Machine learning in astronomy

Master Thesis


Permanent link to this Item
Journal Title
Link to Journal
Journal ISSN
Volume Title

University of Cape Town

The search to find answers to the deepest questions we have about the Universe has fueled the collection of data for ever larger volumes of our cosmos. The field of supernova cosmology, for example, is seeing continuous development with upcoming surveys set to produce a vast amount of data that will require new statistical inference and machine learning techniques for processing and analysis. Distinguishing between real objects and artefacts is one of the first steps in any transient science pipeline and, currently, is still carried out by humans - often leading to hand scanners having to sort hundreds or thousands of images per night. This is a time-consuming activity introducing human biases that are extremely hard to characterise.
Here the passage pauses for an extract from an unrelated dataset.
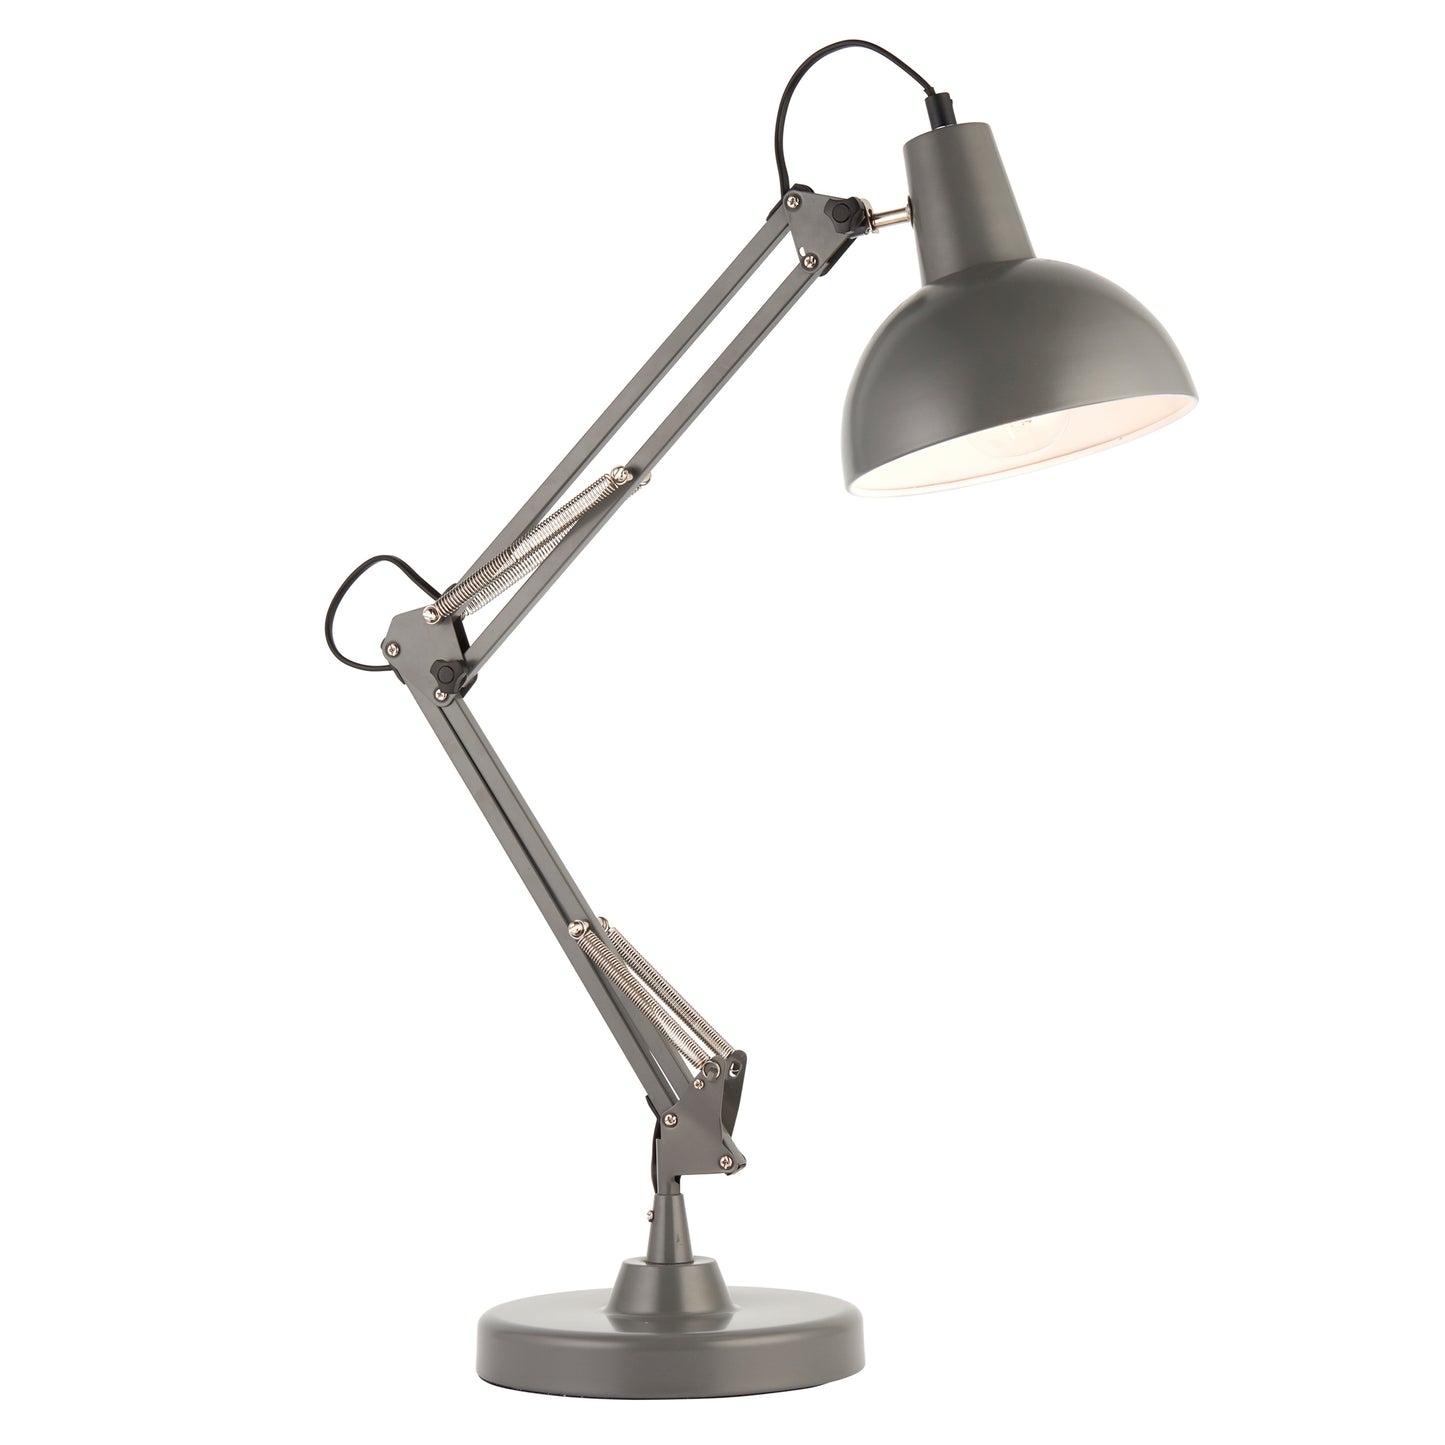 A Marshall 1 Table Light Slate Grey & White desk lamp from Kikiathome.co.uk.

To succeed in the objectives of future transient surveys, the successful substitution of human hand scanners with machine learning techniques for the purpose of this artefact-transient classification therefore represents a vital frontier. In this thesis we test various machine learning algorithms and show that many of them can match the human hand scanner performance in classifying transient difference g, r and i-band imaging data from the SDSS-II SN Survey into real objects and artefacts. Using principal component analysis and linear discriminant analysis, we construct a grand total of 56 feature sets with which to train, optimise and test a Minimum Error Classifier (MEC), a naive Bayes classifier, a k-Nearest Neighbours (kNN) algorithm, a Support Vector Machine (SVM) and the SkyNet artificial neural network.